The particular problem we faced is that the text pairs are very short. On average, the titles consist of 24
characters and not a single title has more than nine words.
Bär et al. (2012) deﬁne a semantic textual similarity with character and word n-grams by a semantic
vector comparison and a word similarity comparison based on lexical-semantic sources is performed
using various similarity features. The authors apply a logarithmic-linear regression model and use Explicit
Semantic Analysis, a vector based representation of text for semantic similarity measurements, to replace
nouns. Further evaluations of similarity measurements of longer sentences are described by Achananuparp
et al. (2008). Their evaluation measures are based on semantic equivalence, when the sentence pairs do
not have the same surface shape. Whereby: sentences are similar, when they are paraphrases of each other,
contain the same subject, or when one sentence is the super set of the other.
In (Bhagat and Hovy, 2013) similarities of paraphrases are deﬁned and analyzed in terms of e.g.

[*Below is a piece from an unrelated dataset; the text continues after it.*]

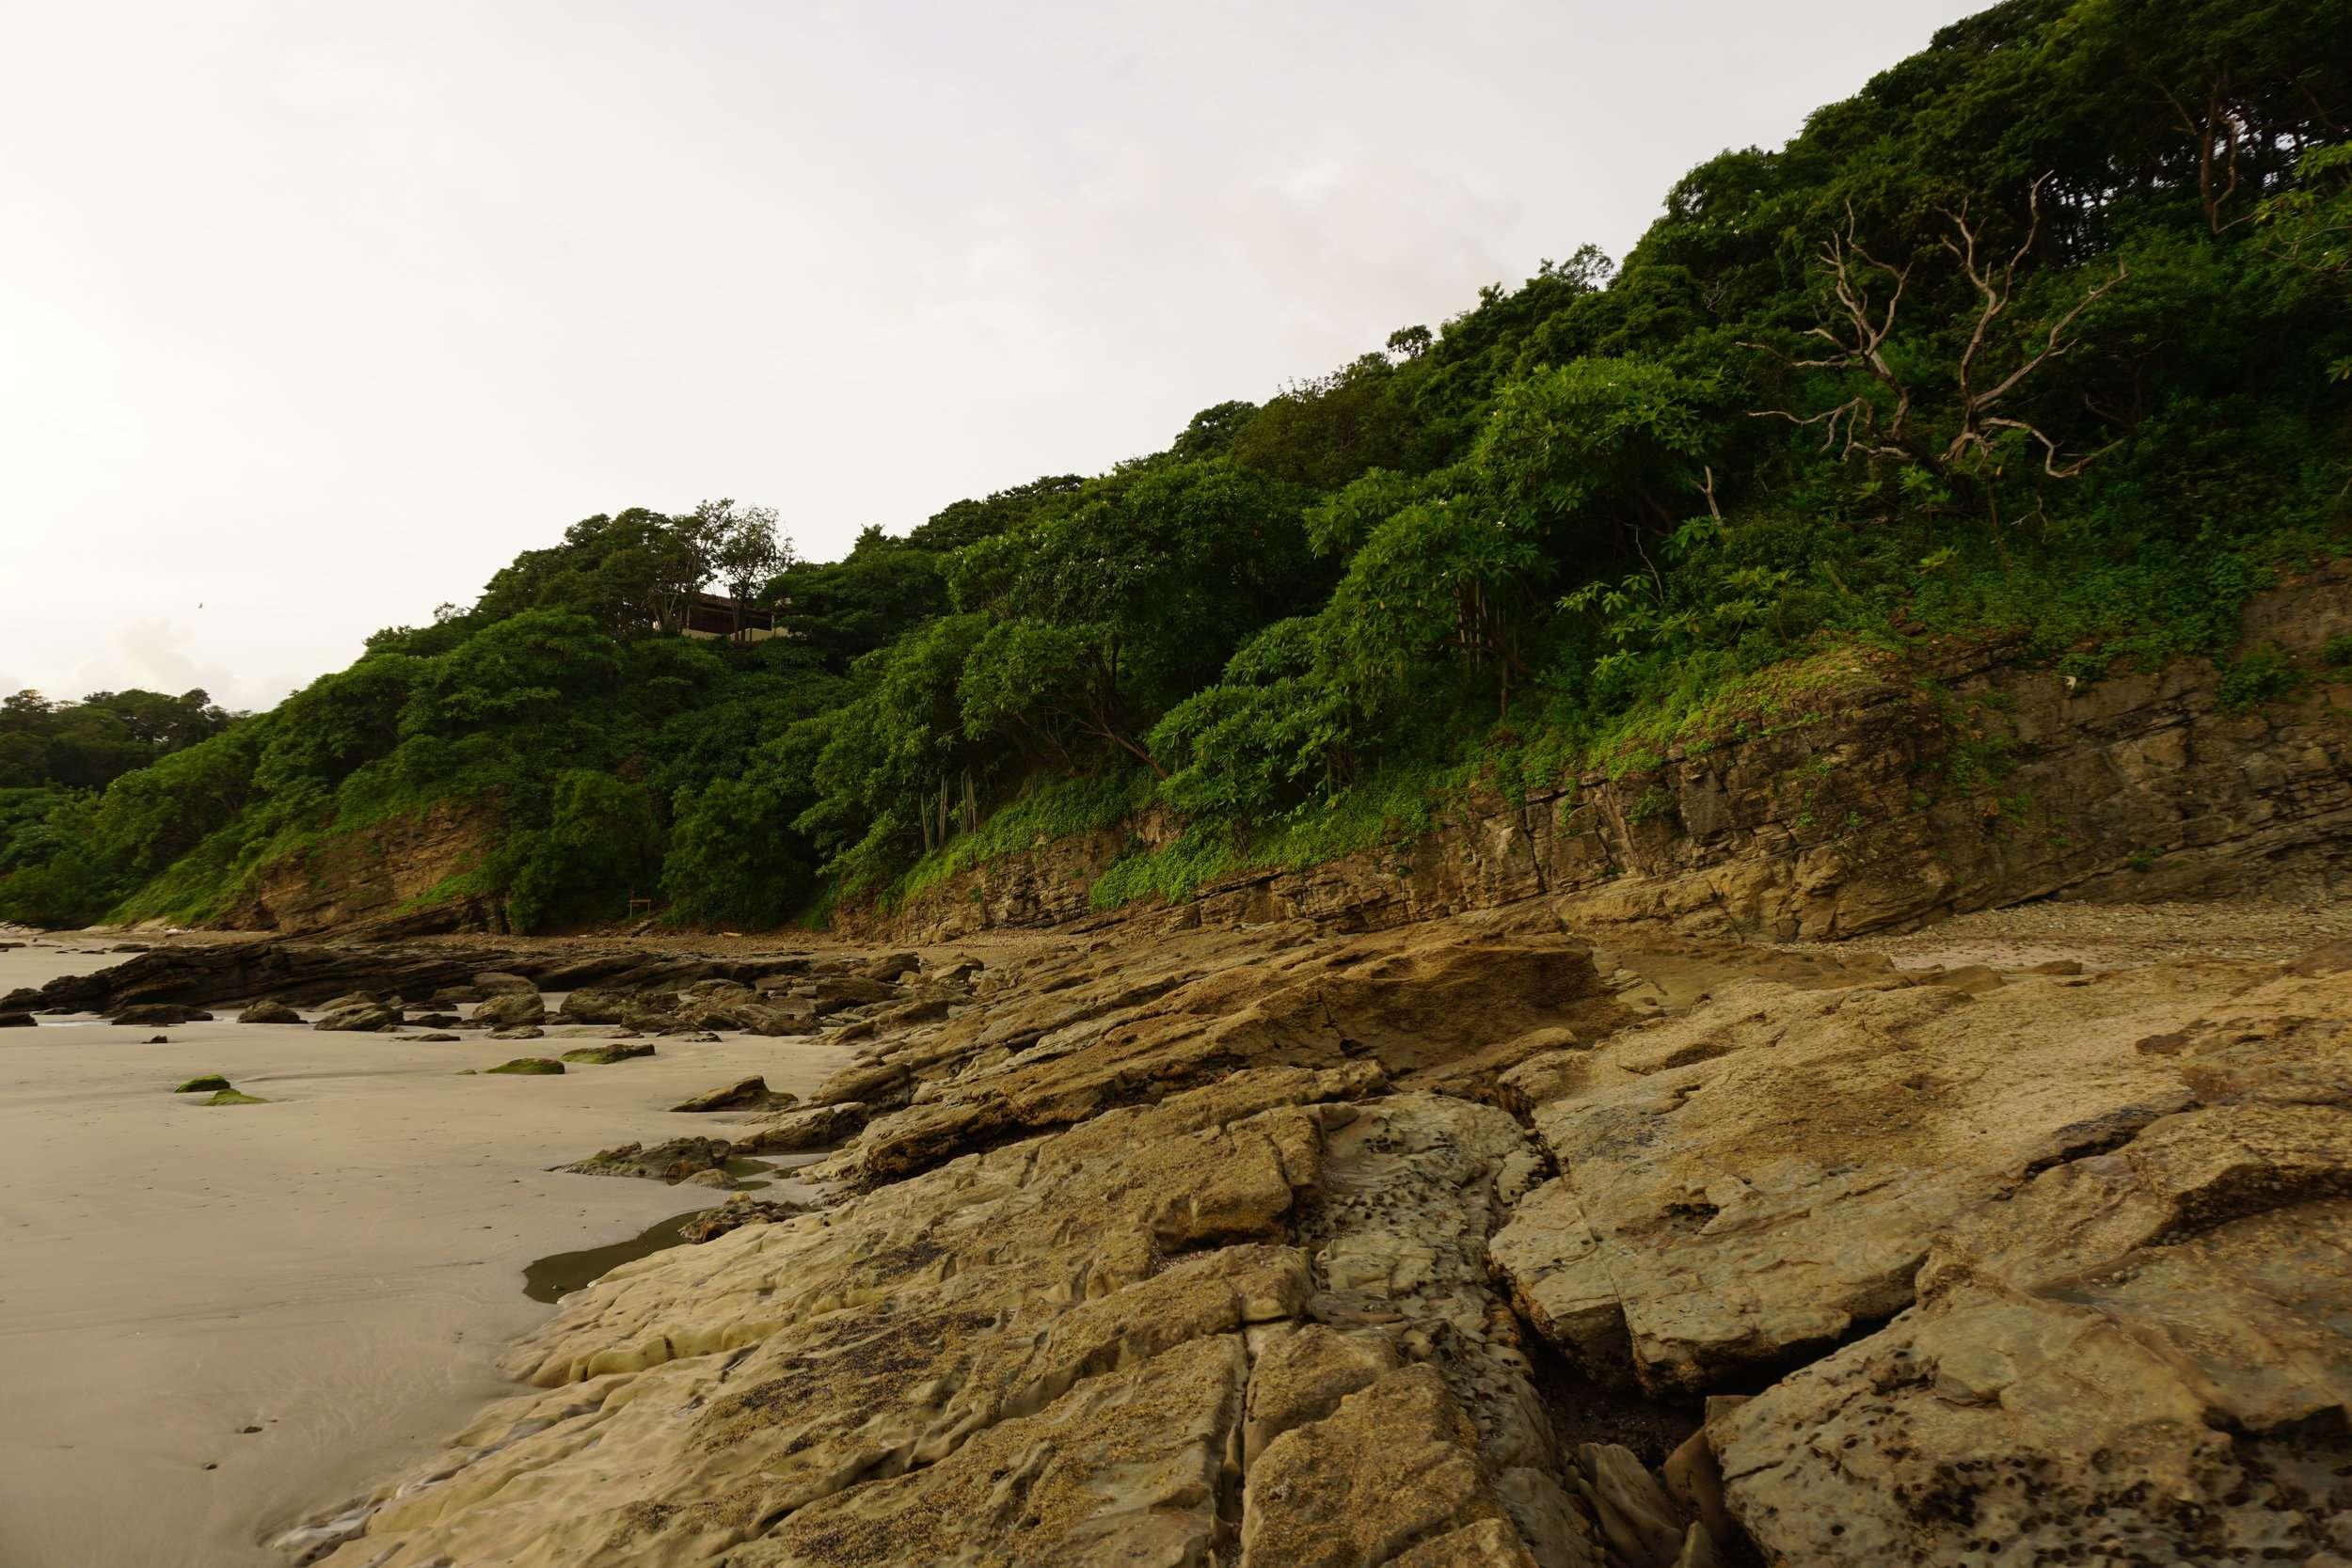 Rugged pacific coast line at Playa Maderas, Nicaragua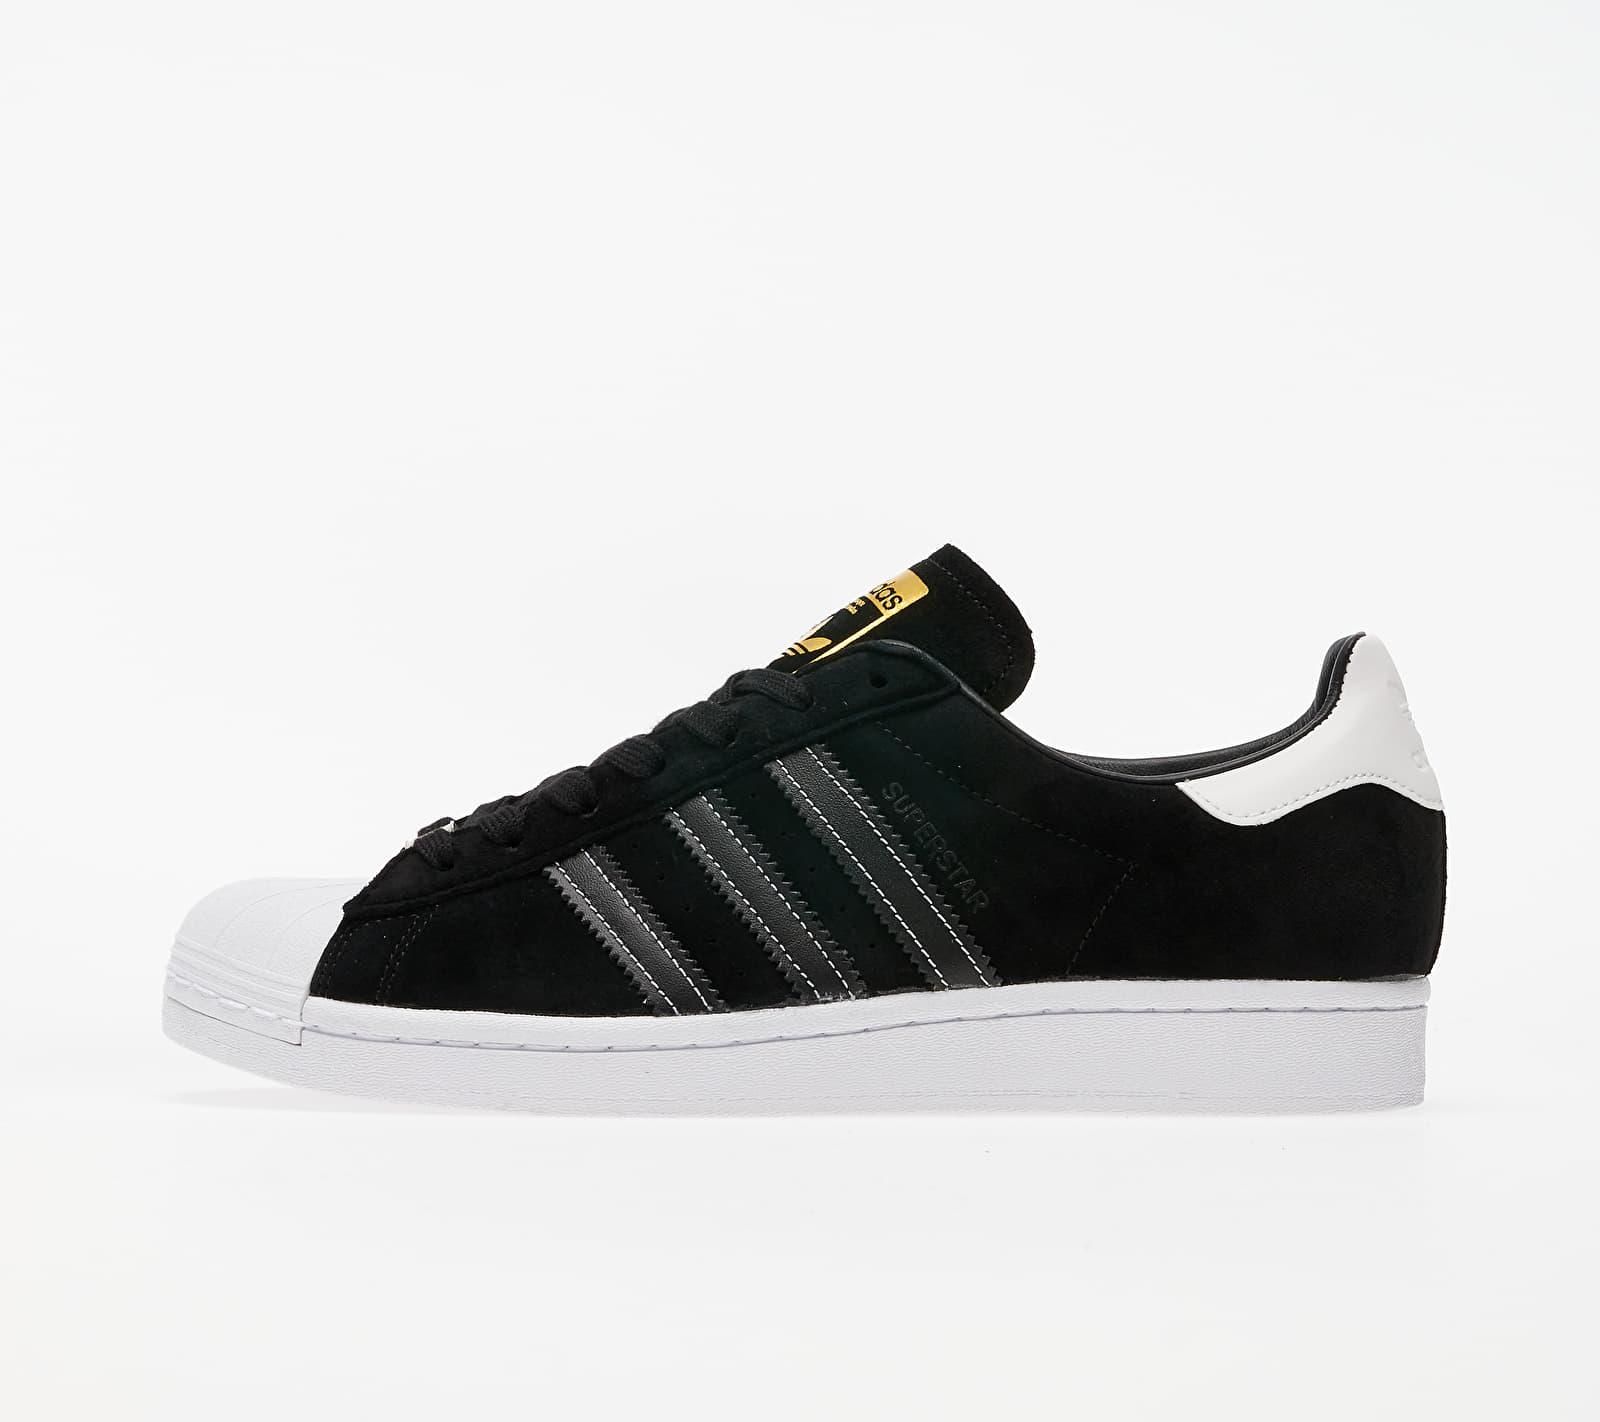 adidas Superstar Core Black/ Core Black/ Gold Metalic EH1543

synonym substitution or part substitution. In total they describe 25 possible substitution types. Some of
these types are also contained in our dataset of clause titles and model clause titles. Kovatchev et al. (2018)
compare texts with different lengths on the similarity of their meaning. They attach much importance to
detailed error analysis and have built a corpus in which paraphrases and negations are annotated. For the
text pairs, the similarity is measured by paraphrase deductions in both texts. Another approach focusing on
the analysis of paraphrases is described by Benikova and Zesch (2017). In this paper, different granulation
levels of paraphrase sentences and annotated verb argument structures of paraphrases are compared for
the similarity calculation. They distinguish between event paraphrase, lexical paraphrase, wording and
inverse lexical paraphrase. In (Agirre et al., 2012) the semantic equivalence of two texts with paraphrase
differences is measured. This is achieved by using common tokens in the sentence. For the vectors of the
sentences the cosine similarity is calculated. The text pairs in their work consist of 51 words up to 126
words. Gomaa and Fahmy (2013) suggest to combine several similarity metrics to determine string-based,
corpus-based, and knowledge-based similarities. For the string based approach they use the Longest
Common Sub String (LCS) algorithm and various editing distance metrics like Jaro,Damerau-Levenshtein
and N-grams. For the term-based similarity measurement Manhattan Distance,Cosine similarity and
Jaccard Distance. Also Aldarmaki and Diab (2018) evaluate combined models for similarity measurement
and evaluate the results of a logistic regression classiﬁer by calculating the cosine similarity between two
sentence vectors. Lan and Xu (2018) compare and evaluate seven LSTM-based methods for sentence
pair modeling on eight commonly used datasets, such as Quora (Question Pairs Dataset), Twitter URL
Corpus, and PIT-2015 (Paraphrase and Semantic Similarity in Twitter). For small datasets, they propose
the method Pairwise Word Interaction Model (introduced in (He and Lin, 2016)).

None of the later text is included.